Порошин Семен Андреевич (1741–1769) – в 1758 г. окончил Сухопутный шляхетский корпус. Воспитатель цесаревича Павла Петровича. В 1764–1765 гг. вел дневник (издан в «Русской старине» в 1881 г.) – ценный источник по истории императорского двора и дворцовых группировок.
Зубов Платон Александрович (1767–1822) – последний фаворит Екатерины II, брат зятя А. В. Суворова. Светлейший князь, генерал-губернатор Новороссии, главнокомандующий Черноморским флотом.
Суворов Александр Васильевич (1729–1800) – полководец, военный теоретик. Прославился в Семилетней войне, в войнах против Турции и Франции. Граф Рымникский (1789), князь Италийский (1799), князь Священной Римской империи, генералиссимус (1799). Уволен Павлом I в 1797 г. и отправлен в ссылку. Вновь возвращен по просьбе австрийского императора и направлен в Италию главнокомандующим русско-австрийскими войсками против французских войск. Соч.: «Наука побеждать» (1796).
Аксаков Сергей Тимофеевич (1791–1859) – писатель, глава славянофилов. В 1827–1832 гг. цензор в Москве. В 1833–1838 гг. инспектор Константиновского межевого института. Главные произведения – «Семейная хроника» (1856), «Детские годы Багрова внука» (1858).
Головкин Гавриил Иванович (1660–1734) – политический деятель, дипломат, граф. Родственник царицы Натальи Кирилловны. С 1709 г. – канцлер. С 1706 г. – глава Посольского приказа, с 1717 г. – президент Коллегии иностранных дел. При Екатерине I – член Верховного Тайного совета.
Ушаков Федор Федорович (1744–1817) – флотоводец, адмирал (1799). В 1766 г. окончил Морской кадетский корпус. Отличился победами над турецким флотом в Черном море в войну 1787–1791 гг., с 1790 г. командующий Черноморским флотом. В войне с Францией прославился Средиземноморским походом 1798–1800 гг.
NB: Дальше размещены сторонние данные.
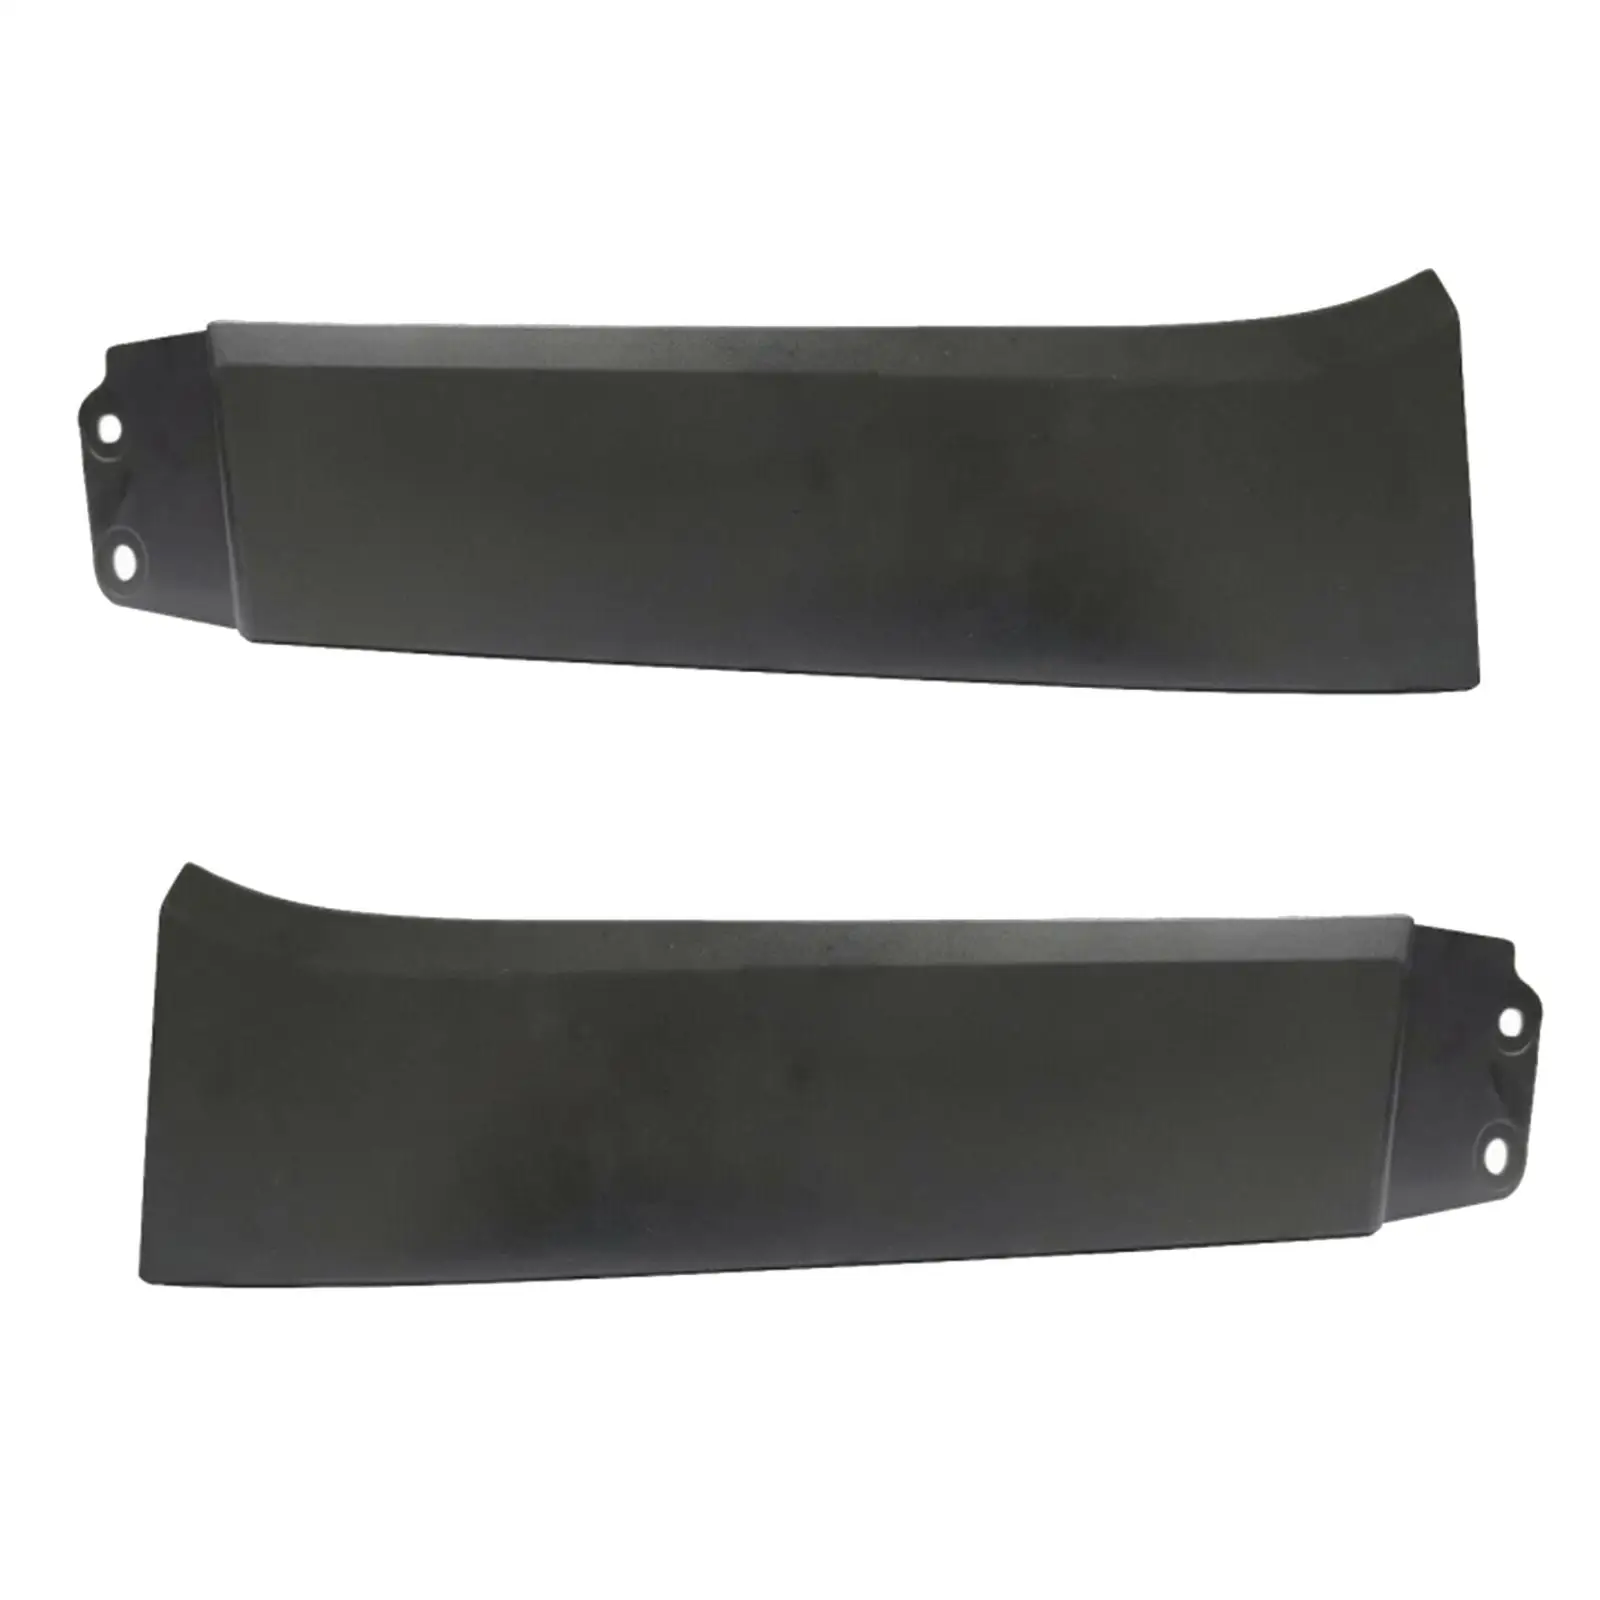 53932-0C904 Replaces Front below Headlight Extension Panels Headlight Molding Lower Filler Set for 2007-2013

В 1800 г. командир Балтийского гребного флота и начальник флотских команд в Петербурге, с 1807 г. в отставке.
Густав IV Адольф (1778–1837) – король Швеции в 1792–1809 гг. Потерпел поражение в войнах с Францией (1805–1807) и Россией (1808–1809). Низложен риксдагом в 1809 г. и изгнан из страны.
Винский Григорий Степанович (1762–после 1818) – мелкопоместный украинский дворянин, автор «Записок», охватывающих период с середины XVIII века до 1793 г. В 1818 г. представил «Проект о усилении российской с Верхнею Азией торговли через Хиву и Бухарию».
Бибиков Александр Ильич (1729–1774) – государственный деятель, генерал-аншеф. Председатель комиссии по составлению Уложения 1767 г; руководитель подавления крестьянских движений восставших заводских крестьян Урала; в 1773–1774 г. наделен неограниченными полномочиями для подавления крестьянской войны под руководством Е. Пугачева.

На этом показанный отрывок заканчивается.